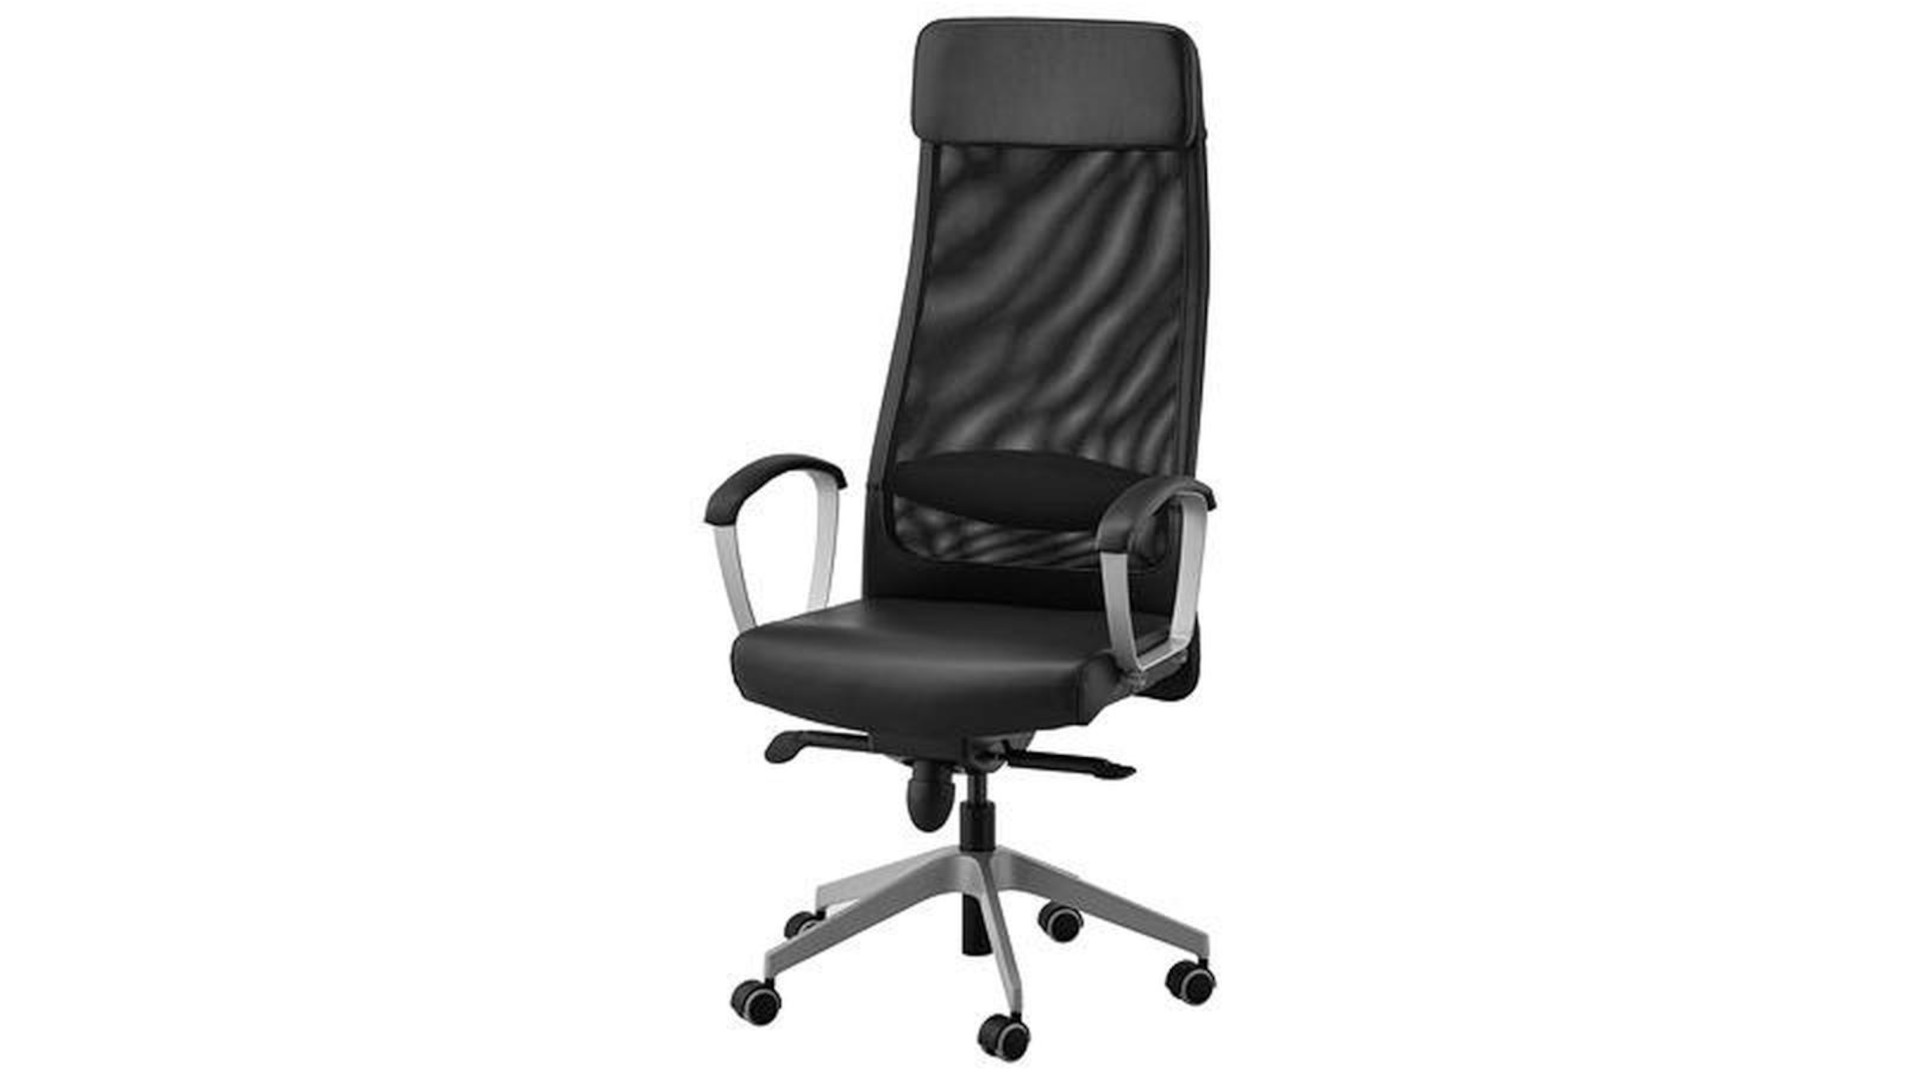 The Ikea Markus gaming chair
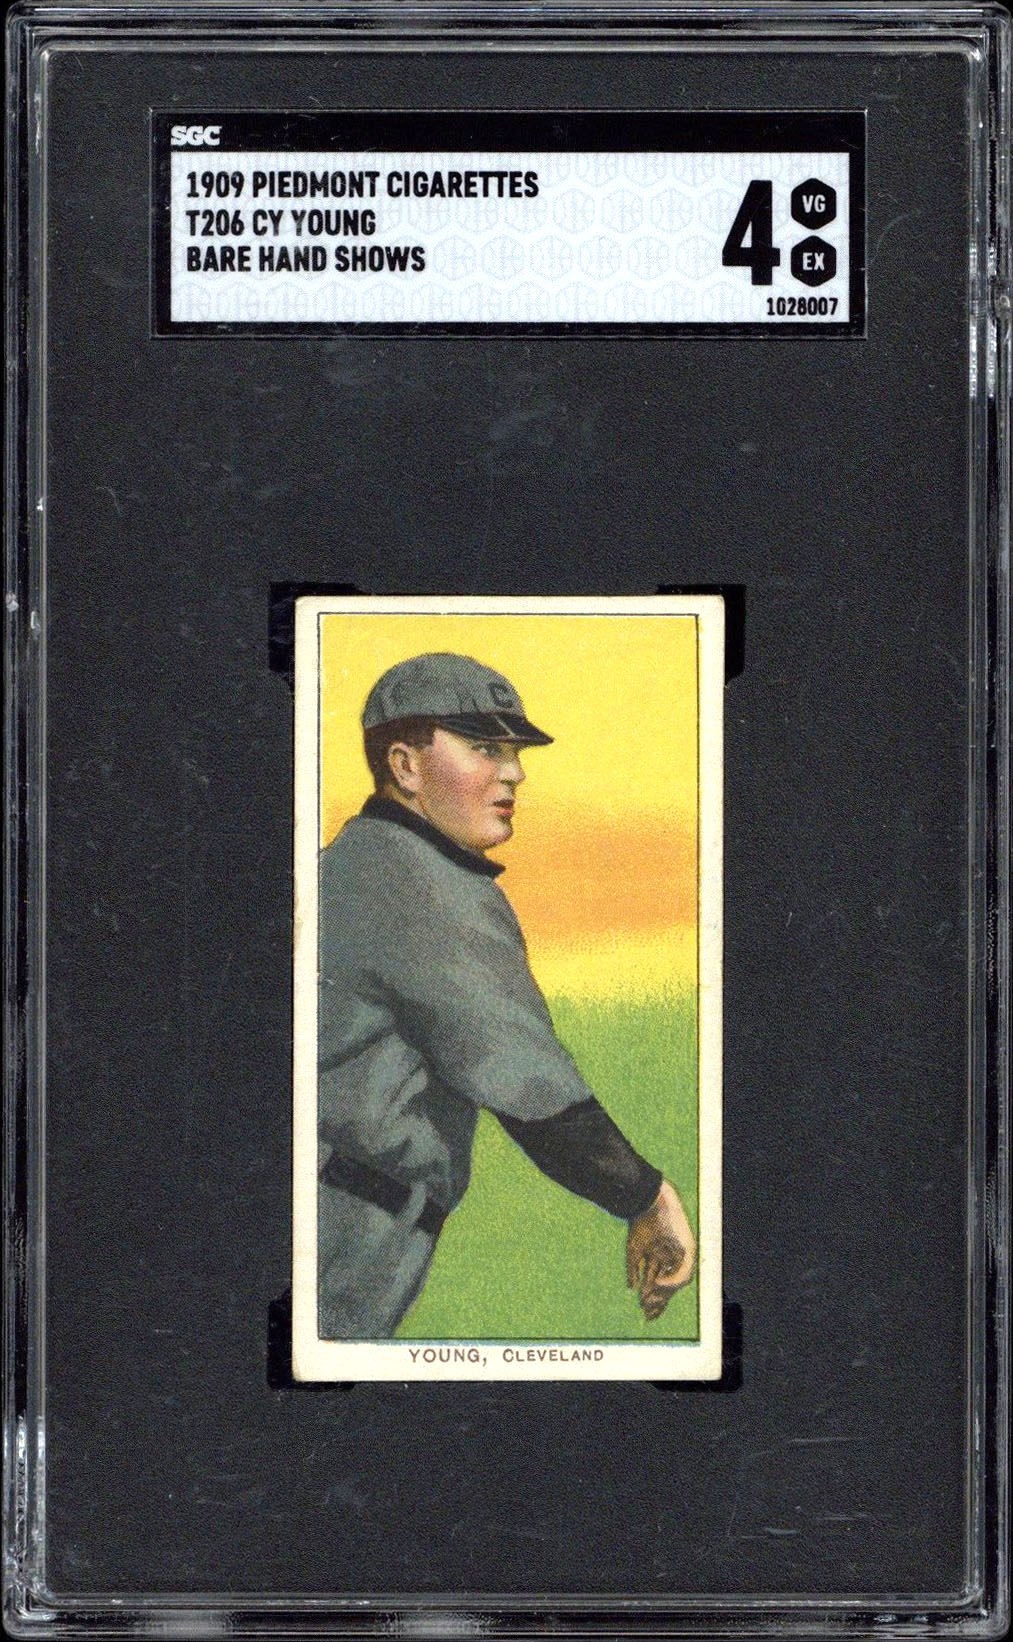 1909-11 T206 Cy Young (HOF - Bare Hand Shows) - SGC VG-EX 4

_____

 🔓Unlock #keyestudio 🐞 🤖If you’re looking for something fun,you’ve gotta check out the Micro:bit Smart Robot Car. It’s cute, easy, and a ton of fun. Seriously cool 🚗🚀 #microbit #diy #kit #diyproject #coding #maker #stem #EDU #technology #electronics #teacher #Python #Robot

_____

What the exercise asks:
Transcribe the lines above exactly, beginning at the one with "The Ikea Markus gaming chair" and ending at the one with "1909-11 T206 Cy". Include both; exclude the pictures.

Finished task:
 The Ikea Markus gaming chair
 1909-11 T206 Cy Young (HOF - Bare Hand Shows) - SGC VG-EX 4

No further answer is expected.